Line by line, retype the material exactly and leave each picture out.

● **Information shown**:
--- START ---
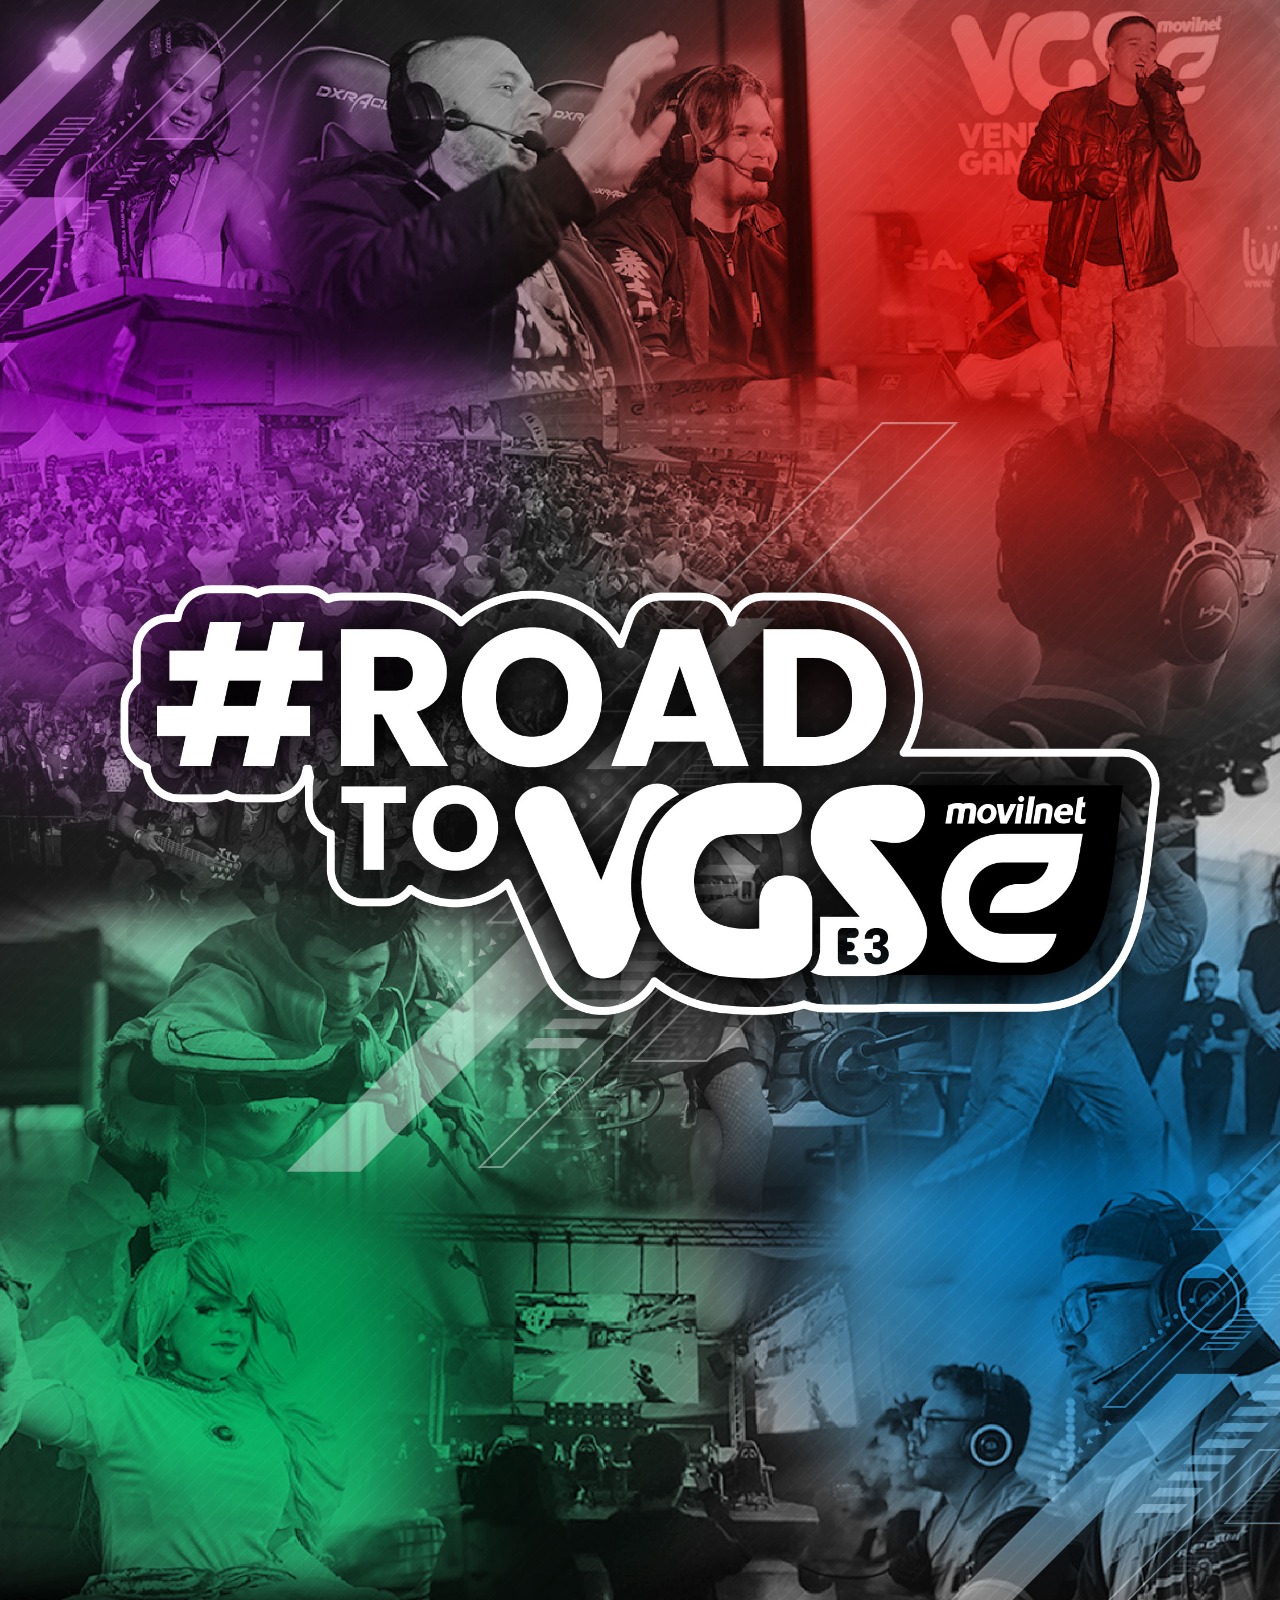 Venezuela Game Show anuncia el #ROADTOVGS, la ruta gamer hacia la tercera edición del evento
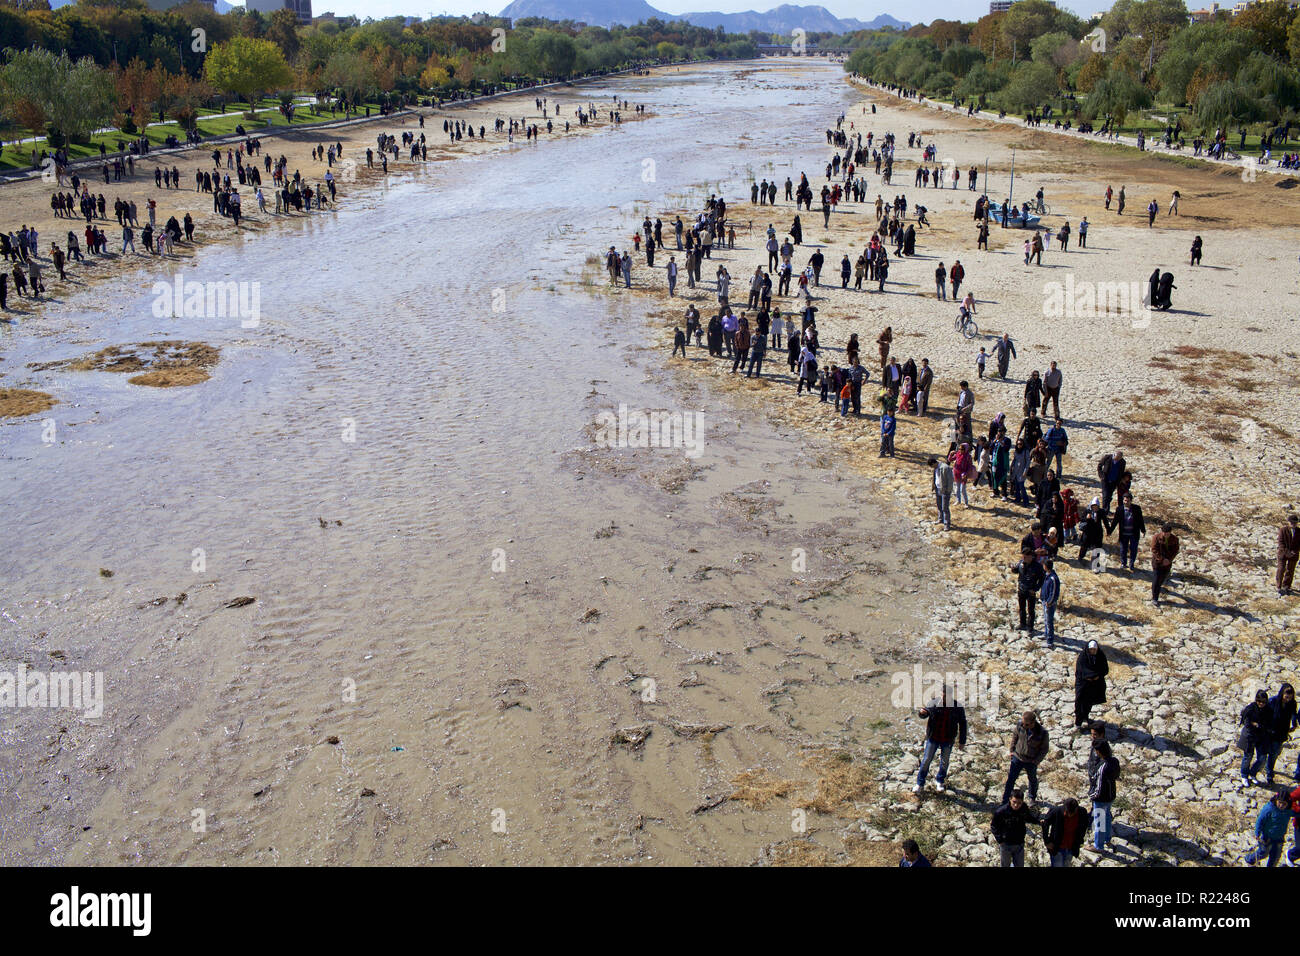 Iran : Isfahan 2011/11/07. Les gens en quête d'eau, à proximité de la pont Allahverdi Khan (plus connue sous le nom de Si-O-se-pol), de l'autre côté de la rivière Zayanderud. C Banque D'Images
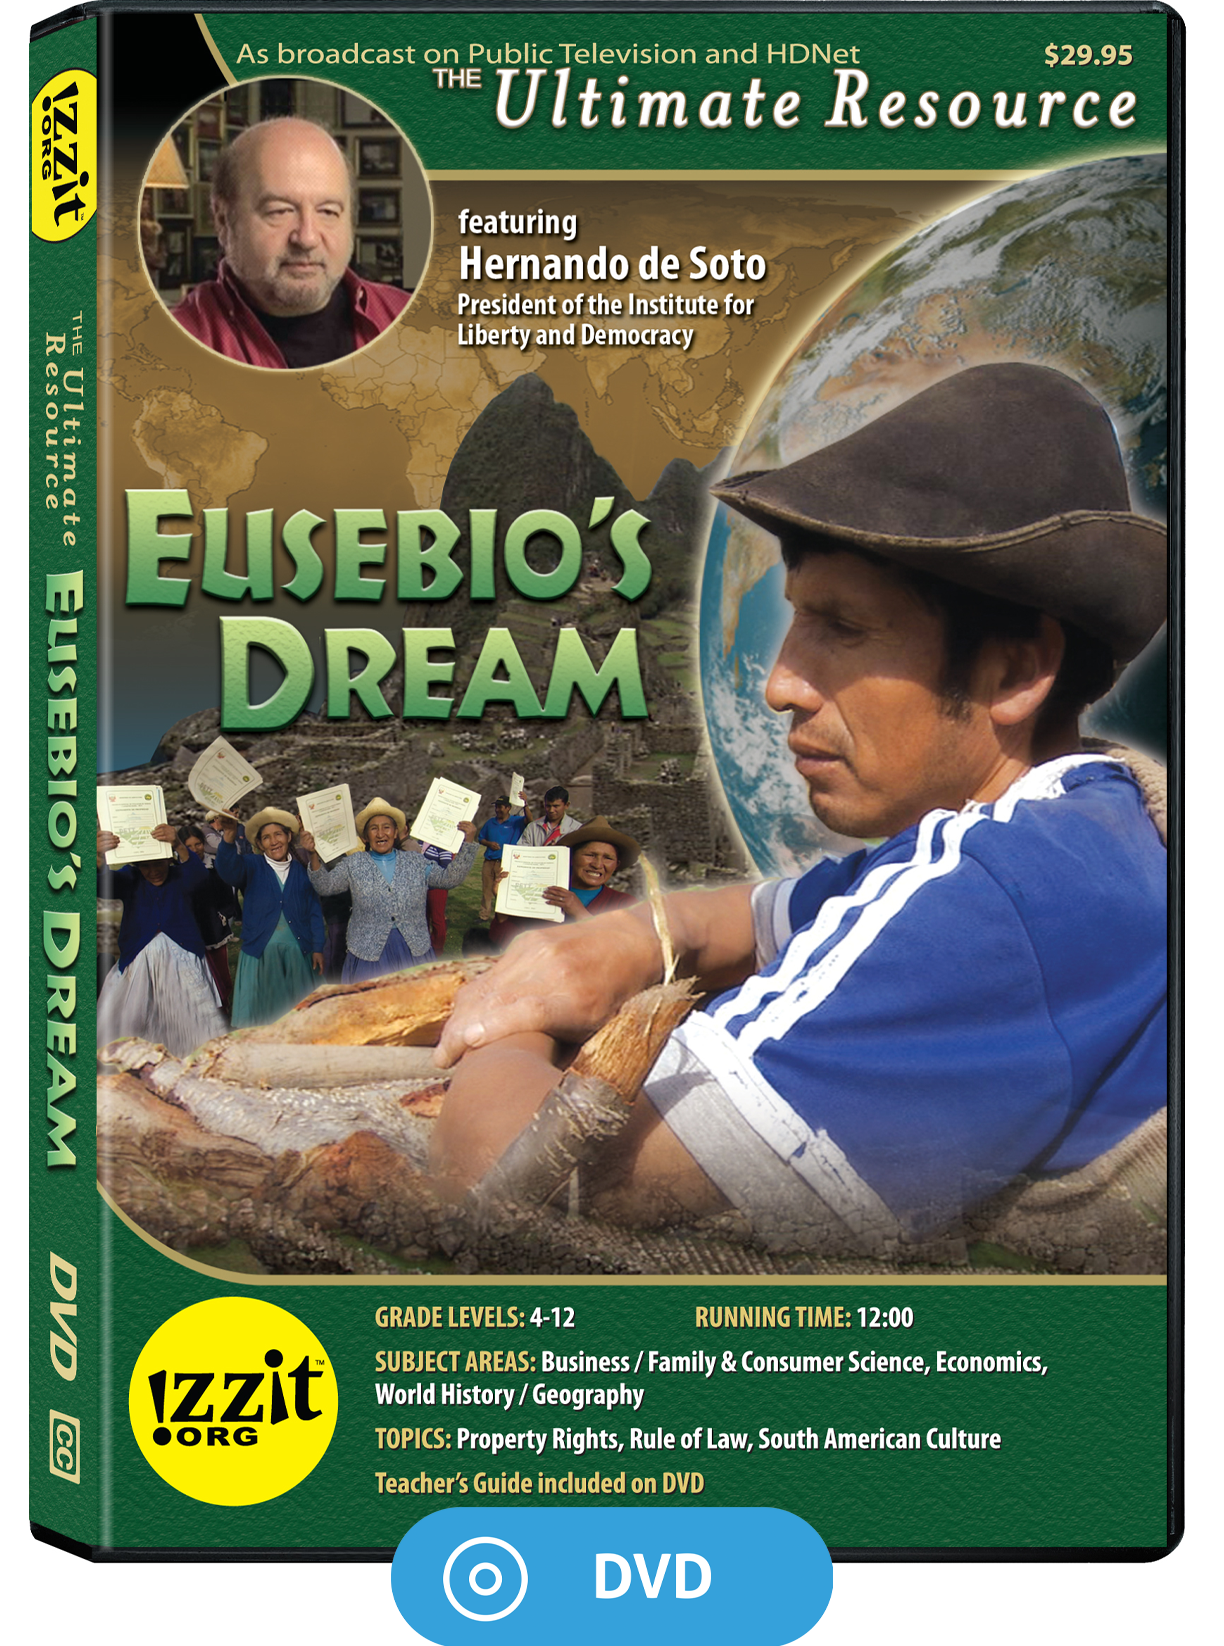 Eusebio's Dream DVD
--- END ---
● **Exercise result**:
 Venezuela Game Show anuncia el #ROADTOVGS, la ruta gamer hacia la tercera edición del evento
 Iran : Isfahan 2011/11/07. Les gens en quête d'eau, à proximité de la pont Allahverdi Khan (plus connue sous le nom de Si-O-se-pol), de l'autre côté de la rivière Zayanderud. C Banque D'Images
 Eusebio's Dream DVD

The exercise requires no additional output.